Clinical Chemistry, Vol 34, 754-757, Copyright © 1988 by American Association for Clinical Chemistry

Amylase in urine as measured by a single-step chromolytic method

RL Bertholf, ES Winn-Deen and DE Bruns
Department of Pathology, University of Virginia Medical Center, Charlottesville 22908.

We studied a new single-step direct chromolytic method (Behring D.A.T.) for measuring urinary amylase (1,4-alpha-D-glucan glucanohydrolase, EC 3.2.1.1) activity, comparing results with those by a similar, but two- step, procedure that requires an auxiliary (coupling) enzyme. The two methods gave virtually identical relative responses to purified human pancreatic and salivary amylases. Assay of four quality-control materials to evaluate the total (day-to-day) precision of the new method yielded CVs of 4 to 7%, similar to those of the comparison method for each of the four quality-control samples.

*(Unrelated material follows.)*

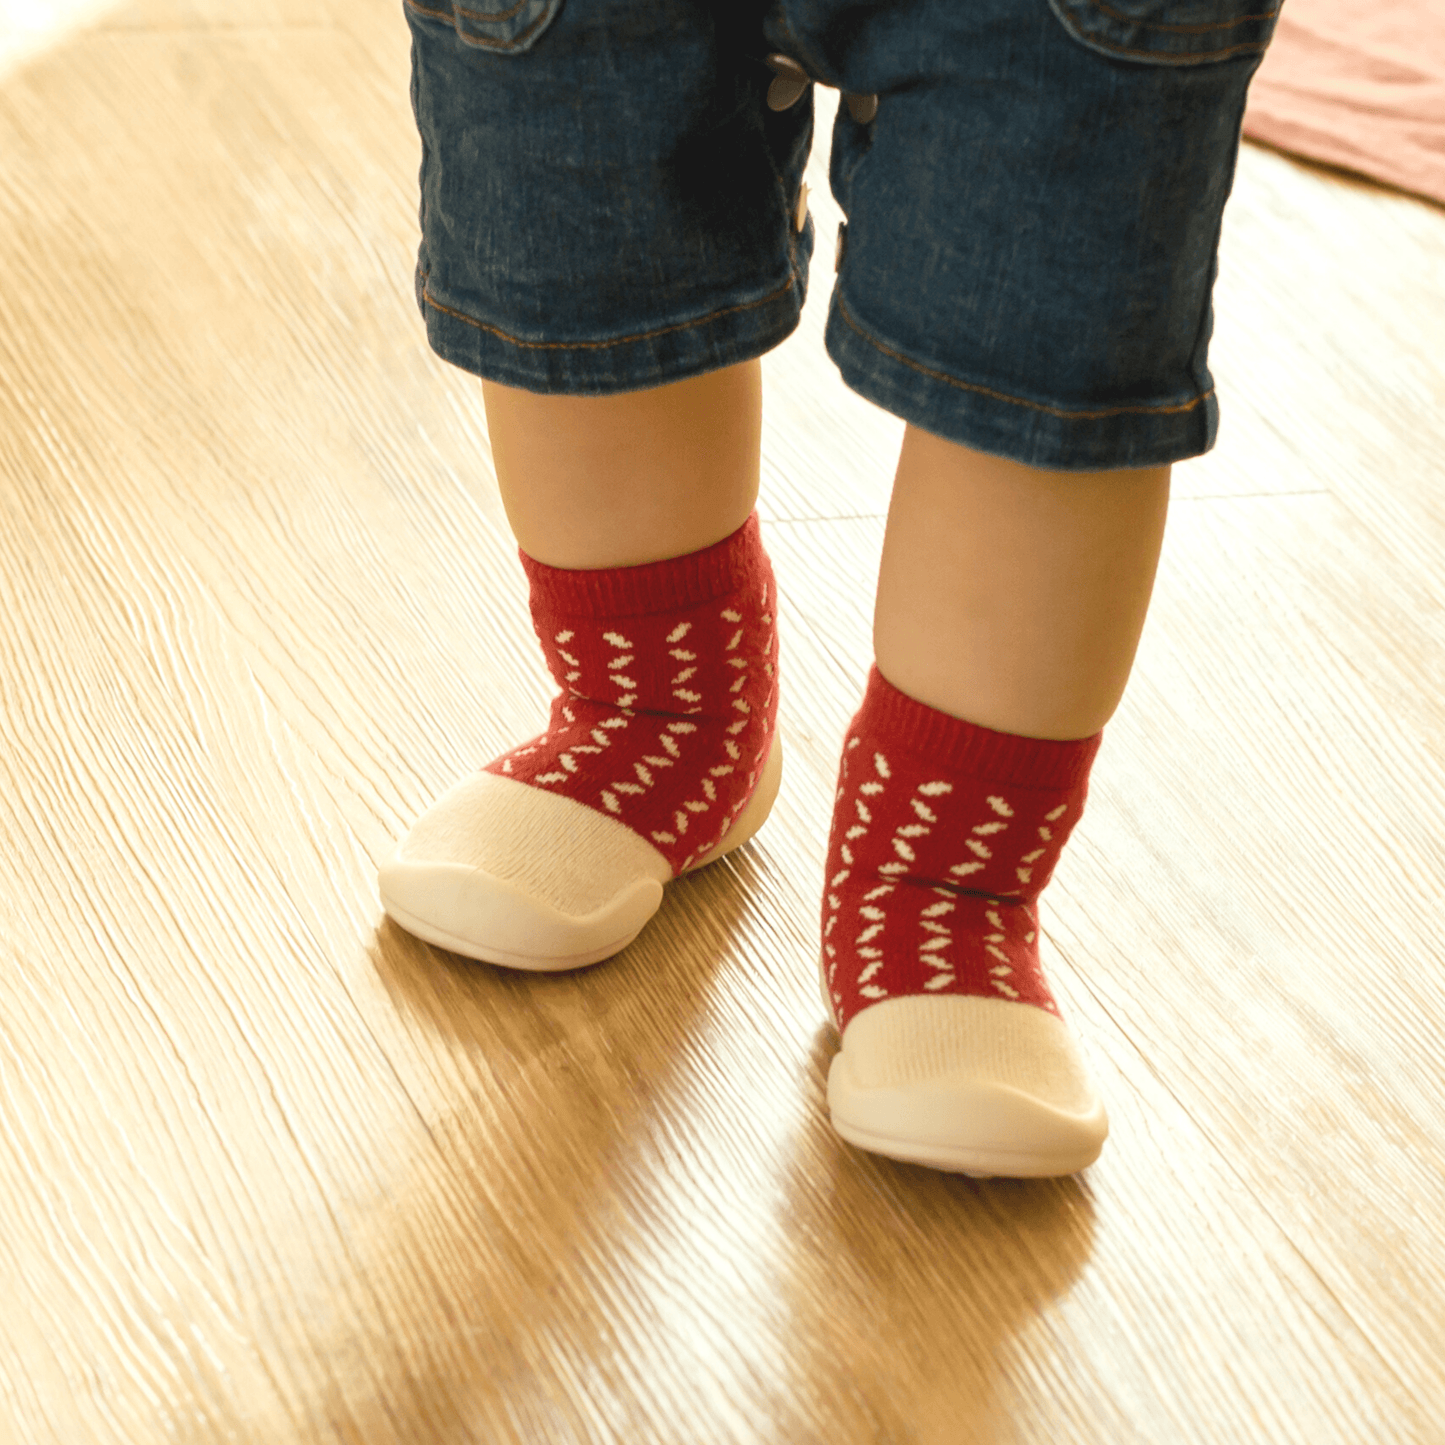 Komuello Winter Knit Lover Baby Rubber Sole Sock Shoes Komuello Winter Knit Lover Baby Rubber Sole Sock Shoes

Amylase activity was measured by both methods in 110 random (i.e., untimed) urine specimens. Linear regression analysis provided a slope and y-intercept of 0.947 and 4 U/L (x = comparison method, y = direct method), respectively, and a standard error of the estimate of 25 U/L for specimens in which the amylase activities ranged from 11 to 1465 U/L (mean = 358 U/L) by the comparison method. The mean rate of amylase excretion in 2-h timed urine specimens from 95 healthy volunteers, as measured by the new method, was 7.18 (SD = 3.18) U/h, and the nonparametric (95% confidence interval) reference interval was 1.6 to 15.2 U/h. We consider the new method a promising alternative to other kinetic assays that require the use of auxiliary enzymes.